Foi feito um abaixo-assinado em Raposos com 5 mil assinaturas, o que é bastante representativo numa cidade de 12 mil habitantes. Isso será o suficiente para impedir a instalação da represa no município? Afinal, vivemos numa democracia, não é? E a democracia não é isso, a vontade do povo, ou da maioria? Não sei se posso ser processado pelo que vou escrever, mas não me importa. Corre na boca do povo, e tenho plena certeza disso, que dos nove vereadores raposenses, cinco receberam “incentivos” da Vale para votar à favor da represa. Ah se tivessemos alguma forma de provar materialmente isso! Aliás, se alguém como podemos provar isso, por favor se manifeste. Me lembro, também, de que o governador Anastasia ligou ele próprio à prefeitura de Raposos para pressioná-la a aceitar os desígnios da Vale. A qualquer momento podem reiniciar a mineração na região, sim, reiniciar, porque sem maiores explicações já haviam começado suas atividades.
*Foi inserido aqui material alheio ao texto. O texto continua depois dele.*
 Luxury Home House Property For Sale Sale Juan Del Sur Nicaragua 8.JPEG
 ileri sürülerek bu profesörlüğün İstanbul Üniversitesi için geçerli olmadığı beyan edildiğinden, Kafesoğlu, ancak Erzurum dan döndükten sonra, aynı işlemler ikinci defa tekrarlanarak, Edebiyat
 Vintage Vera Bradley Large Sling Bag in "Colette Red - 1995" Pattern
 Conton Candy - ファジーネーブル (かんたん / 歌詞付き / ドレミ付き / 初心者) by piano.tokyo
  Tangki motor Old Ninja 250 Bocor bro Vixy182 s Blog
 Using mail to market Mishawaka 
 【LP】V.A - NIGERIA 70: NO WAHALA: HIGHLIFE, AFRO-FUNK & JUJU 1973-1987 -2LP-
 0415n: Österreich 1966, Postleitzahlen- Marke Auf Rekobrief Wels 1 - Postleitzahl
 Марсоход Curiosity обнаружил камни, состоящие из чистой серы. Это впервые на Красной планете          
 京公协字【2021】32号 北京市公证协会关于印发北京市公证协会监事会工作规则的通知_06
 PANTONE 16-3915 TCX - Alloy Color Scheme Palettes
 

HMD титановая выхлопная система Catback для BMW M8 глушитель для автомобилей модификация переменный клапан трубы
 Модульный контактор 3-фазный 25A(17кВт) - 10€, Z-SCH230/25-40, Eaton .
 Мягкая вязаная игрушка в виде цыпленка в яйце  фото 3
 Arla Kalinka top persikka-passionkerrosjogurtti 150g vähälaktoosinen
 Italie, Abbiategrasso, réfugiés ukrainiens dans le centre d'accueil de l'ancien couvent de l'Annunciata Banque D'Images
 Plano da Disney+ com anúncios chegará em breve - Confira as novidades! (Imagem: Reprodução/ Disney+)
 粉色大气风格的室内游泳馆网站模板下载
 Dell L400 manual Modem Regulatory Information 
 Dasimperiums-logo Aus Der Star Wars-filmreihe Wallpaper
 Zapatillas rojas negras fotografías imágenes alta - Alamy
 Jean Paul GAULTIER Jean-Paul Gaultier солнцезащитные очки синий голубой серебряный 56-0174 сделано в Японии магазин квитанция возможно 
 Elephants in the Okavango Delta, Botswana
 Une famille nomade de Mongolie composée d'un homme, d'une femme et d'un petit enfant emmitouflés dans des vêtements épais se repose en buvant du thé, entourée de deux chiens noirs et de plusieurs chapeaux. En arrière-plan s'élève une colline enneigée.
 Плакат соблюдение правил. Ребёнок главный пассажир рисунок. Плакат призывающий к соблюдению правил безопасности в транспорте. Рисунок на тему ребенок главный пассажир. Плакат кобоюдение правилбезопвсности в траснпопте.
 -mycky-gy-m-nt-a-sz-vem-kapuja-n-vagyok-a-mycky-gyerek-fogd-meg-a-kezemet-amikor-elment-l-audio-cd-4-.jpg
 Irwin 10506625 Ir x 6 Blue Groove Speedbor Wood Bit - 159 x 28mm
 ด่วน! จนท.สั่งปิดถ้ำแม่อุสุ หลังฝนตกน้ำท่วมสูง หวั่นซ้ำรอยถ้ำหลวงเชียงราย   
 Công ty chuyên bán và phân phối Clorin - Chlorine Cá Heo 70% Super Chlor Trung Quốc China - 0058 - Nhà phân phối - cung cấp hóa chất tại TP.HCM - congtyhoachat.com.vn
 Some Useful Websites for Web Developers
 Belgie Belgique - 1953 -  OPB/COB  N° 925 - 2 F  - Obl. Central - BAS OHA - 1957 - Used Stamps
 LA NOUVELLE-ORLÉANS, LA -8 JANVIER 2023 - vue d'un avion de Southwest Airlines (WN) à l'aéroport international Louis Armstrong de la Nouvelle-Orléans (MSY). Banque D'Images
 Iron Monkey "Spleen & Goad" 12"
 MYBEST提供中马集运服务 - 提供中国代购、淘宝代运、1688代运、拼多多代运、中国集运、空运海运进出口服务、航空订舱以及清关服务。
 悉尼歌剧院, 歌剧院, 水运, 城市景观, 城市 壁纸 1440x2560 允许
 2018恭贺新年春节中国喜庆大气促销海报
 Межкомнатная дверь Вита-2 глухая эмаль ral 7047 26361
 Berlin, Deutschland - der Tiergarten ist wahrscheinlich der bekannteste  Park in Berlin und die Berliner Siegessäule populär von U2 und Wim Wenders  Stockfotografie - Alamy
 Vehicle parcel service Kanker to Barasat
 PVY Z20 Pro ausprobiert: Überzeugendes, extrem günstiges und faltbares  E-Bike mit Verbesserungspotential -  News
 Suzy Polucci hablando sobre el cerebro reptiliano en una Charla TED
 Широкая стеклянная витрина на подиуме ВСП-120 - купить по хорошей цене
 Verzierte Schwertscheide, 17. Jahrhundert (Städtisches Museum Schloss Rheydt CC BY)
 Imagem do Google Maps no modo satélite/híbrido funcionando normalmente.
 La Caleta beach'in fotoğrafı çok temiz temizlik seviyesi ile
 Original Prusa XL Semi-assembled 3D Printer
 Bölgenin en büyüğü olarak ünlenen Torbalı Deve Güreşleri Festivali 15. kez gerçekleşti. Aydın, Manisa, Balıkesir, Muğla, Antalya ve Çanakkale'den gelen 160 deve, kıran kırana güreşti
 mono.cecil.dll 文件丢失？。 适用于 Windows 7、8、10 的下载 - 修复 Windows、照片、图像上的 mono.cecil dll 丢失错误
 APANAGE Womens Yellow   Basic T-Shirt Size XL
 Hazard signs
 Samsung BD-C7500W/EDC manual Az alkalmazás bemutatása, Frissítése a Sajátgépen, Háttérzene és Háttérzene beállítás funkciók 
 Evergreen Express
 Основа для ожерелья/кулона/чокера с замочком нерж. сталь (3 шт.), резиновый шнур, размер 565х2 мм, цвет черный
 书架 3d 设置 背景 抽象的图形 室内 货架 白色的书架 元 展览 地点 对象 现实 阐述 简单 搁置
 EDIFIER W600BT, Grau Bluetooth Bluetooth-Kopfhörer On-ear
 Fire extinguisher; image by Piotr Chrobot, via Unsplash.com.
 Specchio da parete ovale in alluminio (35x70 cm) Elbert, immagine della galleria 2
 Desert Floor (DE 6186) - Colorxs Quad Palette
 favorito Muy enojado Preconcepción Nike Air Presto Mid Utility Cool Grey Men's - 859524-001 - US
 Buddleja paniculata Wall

Se há uma ditadura em Cuba o que existe por aqui? O que fazemos com um parlamento meramente figurativo que serve para atender os interesses do grande capital? É a Ditadura financeira, do minério, da latifúndio, da soja, da agropecuária...
Por isso tudo, pela necessidade urgente da luta, peço ajuda aos que estão lendo, se souberem de algum grupo ou instituição que possa ajudar na feitura do documentário me informem, será de grande valia!
Ah se esses gases lacrimogêneos nãos nos deixassem tão calmos!

Comentários

Kaciana disse…
Concordo plenamente com você. Vivemos, sim, uma ditadura disfarçada, onde os interesses de uma minoria privilegiada camuflam problemas graves de nossa sociedade, como a falta de boa educação, a marginalidade e a justa distribuição de renda.
Não sei se ajudaria: já tentou os editais de projetos de incentivo à Cultura, para produção do seu documentário? Instituições de fomento à educação como a Unesco? Parabéns pelo blog e iniciativas.
Tádzio Coelho disse…
Muito obrigado pela ajuda! O problema que o financiamento por meio desses editais tem um processo lento, e a gravação do documentário é pra ontem frente aos problemas que se colocam na região. Tentaremos com a própria prefeitura de Raposos e com a OAB-MG. Mas valeu assim mesmo!